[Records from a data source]
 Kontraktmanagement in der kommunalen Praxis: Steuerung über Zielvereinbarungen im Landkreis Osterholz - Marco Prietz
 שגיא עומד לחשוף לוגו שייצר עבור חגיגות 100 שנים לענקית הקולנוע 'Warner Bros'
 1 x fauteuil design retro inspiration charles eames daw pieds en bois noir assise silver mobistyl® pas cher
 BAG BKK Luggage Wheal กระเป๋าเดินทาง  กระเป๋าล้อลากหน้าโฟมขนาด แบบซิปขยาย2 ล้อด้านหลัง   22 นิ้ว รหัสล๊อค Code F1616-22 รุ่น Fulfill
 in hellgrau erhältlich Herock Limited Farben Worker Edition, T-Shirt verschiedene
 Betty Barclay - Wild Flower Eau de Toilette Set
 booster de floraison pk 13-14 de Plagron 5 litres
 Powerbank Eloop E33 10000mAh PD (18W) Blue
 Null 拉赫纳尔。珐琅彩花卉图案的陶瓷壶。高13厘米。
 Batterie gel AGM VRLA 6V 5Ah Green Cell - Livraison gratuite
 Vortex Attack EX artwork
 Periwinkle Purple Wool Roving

▶ **Problem description**: Going from the line that has "Betty Barclay - Wild" through the last line of the entries, retype each line exactly as given and add nothing.

▶ **Answer box**:
 Betty Barclay - Wild Flower Eau de Toilette Set
 booster de floraison pk 13-14 de Plagron 5 litres
 Powerbank Eloop E33 10000mAh PD (18W) Blue
 Null 拉赫纳尔。珐琅彩花卉图案的陶瓷壶。高13厘米。
 Batterie gel AGM VRLA 6V 5Ah Green Cell - Livraison gratuite
 Vortex Attack EX artwork
 Periwinkle Purple Wool Roving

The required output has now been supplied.